I've rechecked that: Yes, this is allowed with MF, there should be a bug report on this in GnuCOBOL and if/when possible a fix.

nberth commented 1 year ago

-fmf-comment adjusts fixed-form only (an alternative would be a CB_FORMAT_MF_FIXED which implies this). CB_FORMAT_XOPEN_FFF does handle "*" and "/" and "D " correctly without additional flags, doesn't it? If not then this should definitely be fixed.

Ok I see. The files I've seen always start with the SOURCEFORMAT"FREE" directive, so resorting to X/Open, or adding other formats with a different name, might not solve the issue completely. The alternative is to change the interpretation of FREE using as specific flag… not sure this is very clean though. In addition, as the suggested change did not break any test, that might indicate the current tests for COBOL free-form reference-format might not be incomplete (e.g., a * at the beginning of a line that need to be interpreted as an arithmetic operation is probably not tested).

The space-after-$ issue seems rather easy to fix at first glance; I'll see to prepare a new PR for this. Does this work on MF for any directive or just SET?

GitMensch commented 1 year ago

The space-after-$ issue seems rather easy to fix at first glance; I'll see to prepare a new PR for this. Does this work on MF for any directive or just SET?

Nice, works on all I've tested, which includes conditional compilation and SET - just go with all.

GitMensch commented 1 year ago

Ok I see.
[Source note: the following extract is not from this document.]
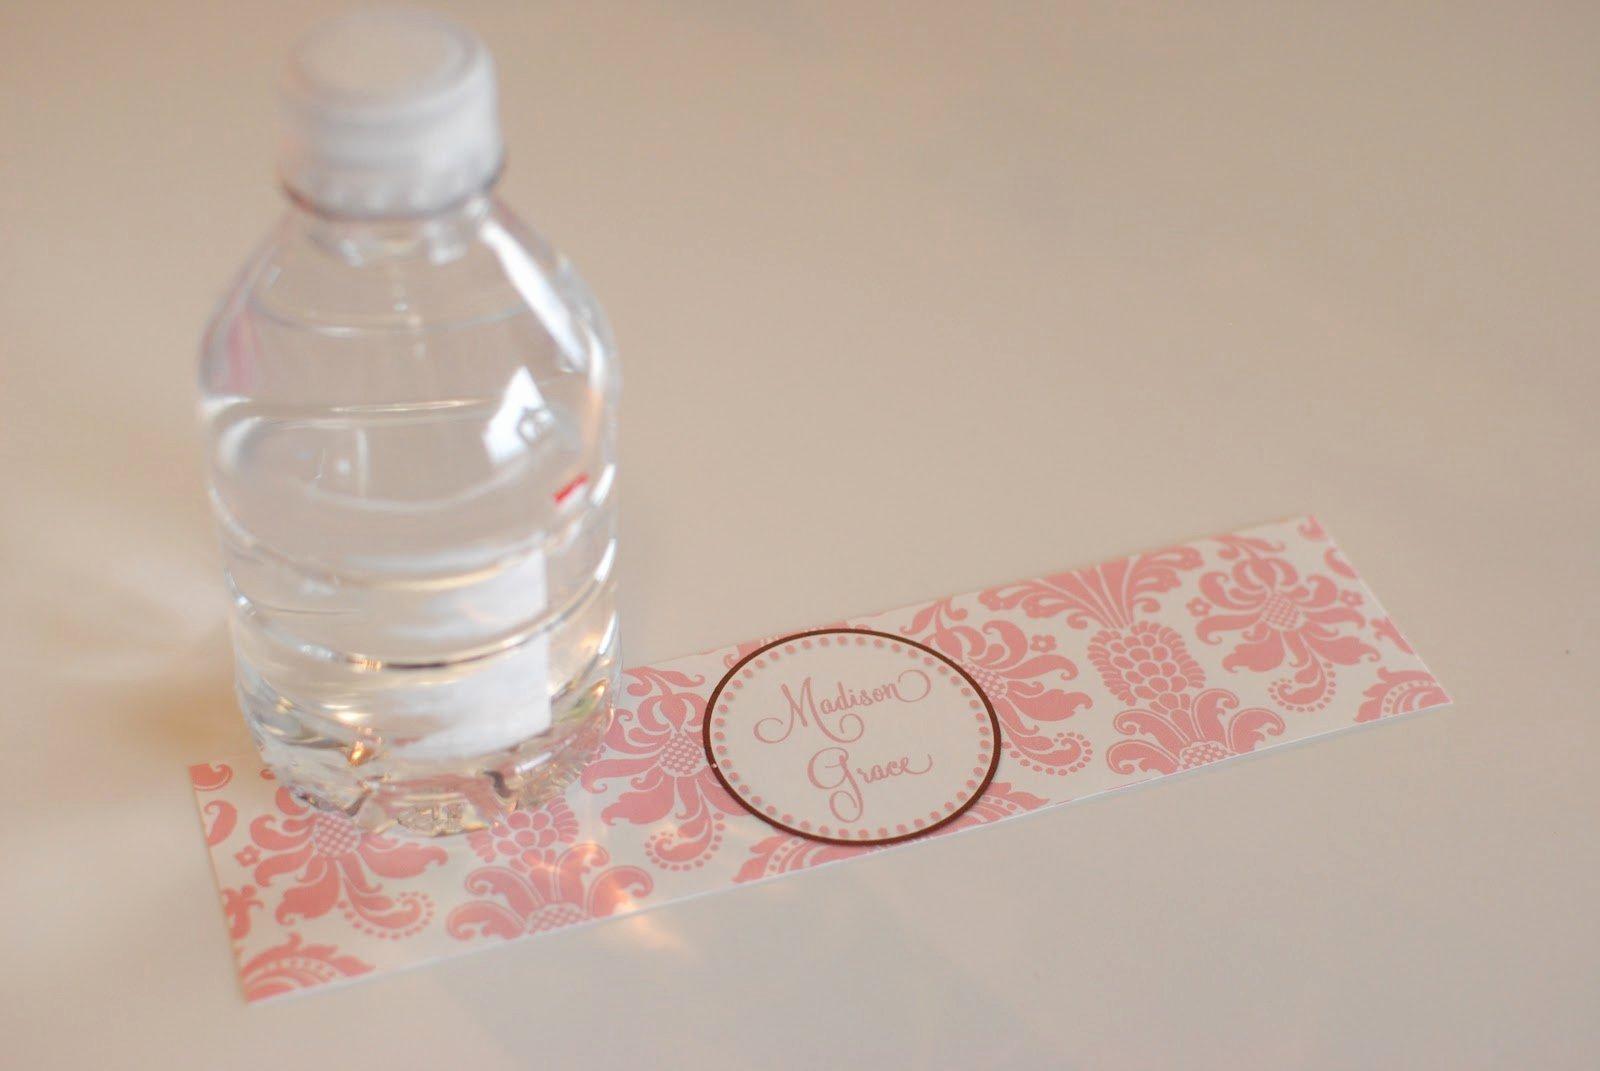 Water Bottle Labels Template Luxury Life Sweet Life Diy Printable Water Bottle Labels

The files I've seen always start with the SOURCEFORMAT"FREE" directive, so resorting to X/Open, or adding other formats with a different name, might not solve the issue completely.

Good point, that means that reading the SOURCEFORMAT directive with -std=mf (check the dialect flag) should set the CB_FORMAT_XOPEN_FFF, similar - if a fixed format for MF is added, which seems reasonable - this should also be selected automatically for $ SET SOURCEFORMAT FREE (actually set or implied). ... So that means that -fixed / -free should also be dialect aware.
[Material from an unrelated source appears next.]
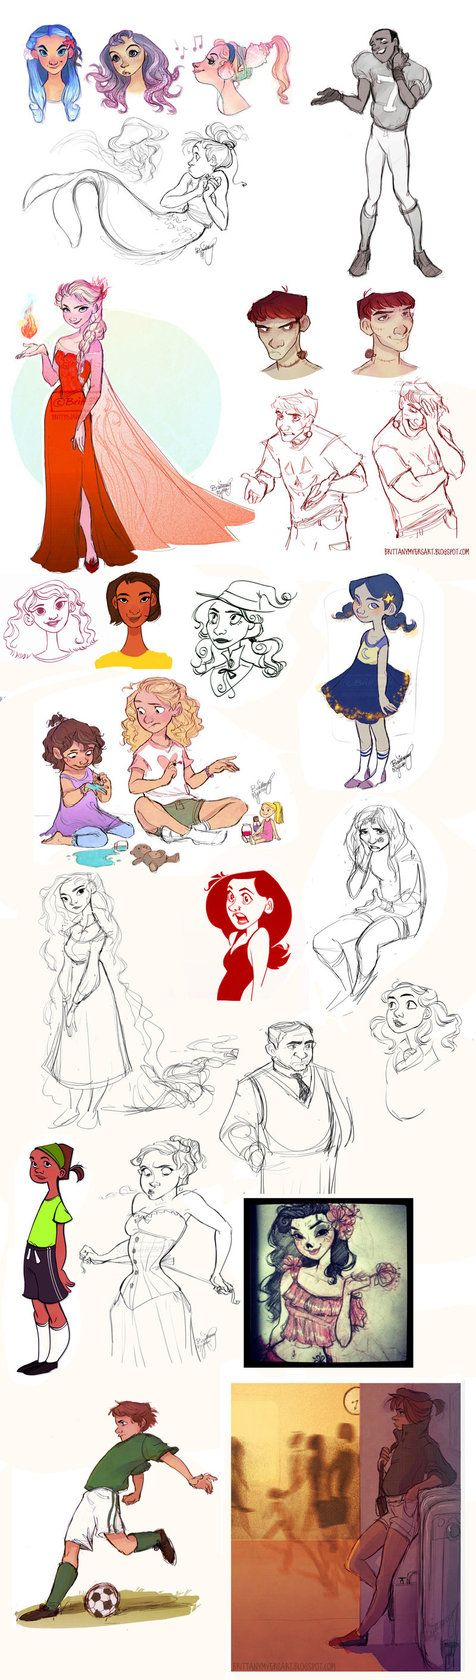 Oodles of Doodles 8 by Britt315 on deviantART

nberth commented 1 year ago

Good point, that means that reading the SOURCEFORMAT directive with -std=mf (check the dialect flag) should set the CB_FORMAT_XOPEN_FFF, similar - if a fixed format for MF is added, which seems reasonable - this should also be selected automatically for $ SET SOURCEFORMAT FREE (actually set or implied). ... So that means that -fixed / -free should also be dialect aware.

Poking about the docs I think we need another format to handle this, like a CB_FORMAT_MF_FREE, that is very similar to X/Open free-form format but allows lines of 256 single-byte characters (instead of 80 "character positions" for X/Open FFF). As per the MF doc on "FREE" format: "There is no fixed right margin, though for practical purposes this implementation restricts the maximum length of a source line to 256 bytes of source when represented in UTF8 encoding."

Then, to handle $ SET SOURCEFORMAT"FREE" properly, maybe it's a matter of defining dialect-specific dictionaries of source format names, with a default and an MF-specific one that remaps "FREE". If this dictionary can then be selected using a dialect option like source-format-dict=[mf|default], we'd need a way to ensure that -fformat=free -fsource-format-dict=mf and -fsource-format-dict=mf -fformat=free behave the same. I'm not sure whether this is easy to do with the current way configuration options are handled… A more naive but simpler approach would be to treat $ SET SOURCEFORMAT"FREE", which is an MF extension, differently than the >>SOURCE equivalent (with possibly for the MF one a configurable note or warning about the name mismatch).

nberth commented 1 year ago

Nice, works on all I've tested, which includes conditional compilation and SET - just go with all.

One last detail: is any number of space allowed, or a single one?

GitMensch commented 1 year ago

Nice, works on all I've tested, which includes conditional compilation and SET - just go with all.

One last detail: is any number of space allowed, or a single one?

Rechecked: both "any number of space" and/or any number of tabs.

GitMensch commented 1 year ago

Poking about the docs I think we need another format to handle this, like a CB_FORMAT_MF_FREE, that is very similar to X/Open free-form format but allows lines of 256 single-byte characters (instead of 80 "character positions" for X/Open FFF). As per the MF doc on "FREE" format: "There is no fixed right margin, though for practical purposes this implementation restricts the maximum length of a source line to 256 bytes of source when represented in UTF8 encoding."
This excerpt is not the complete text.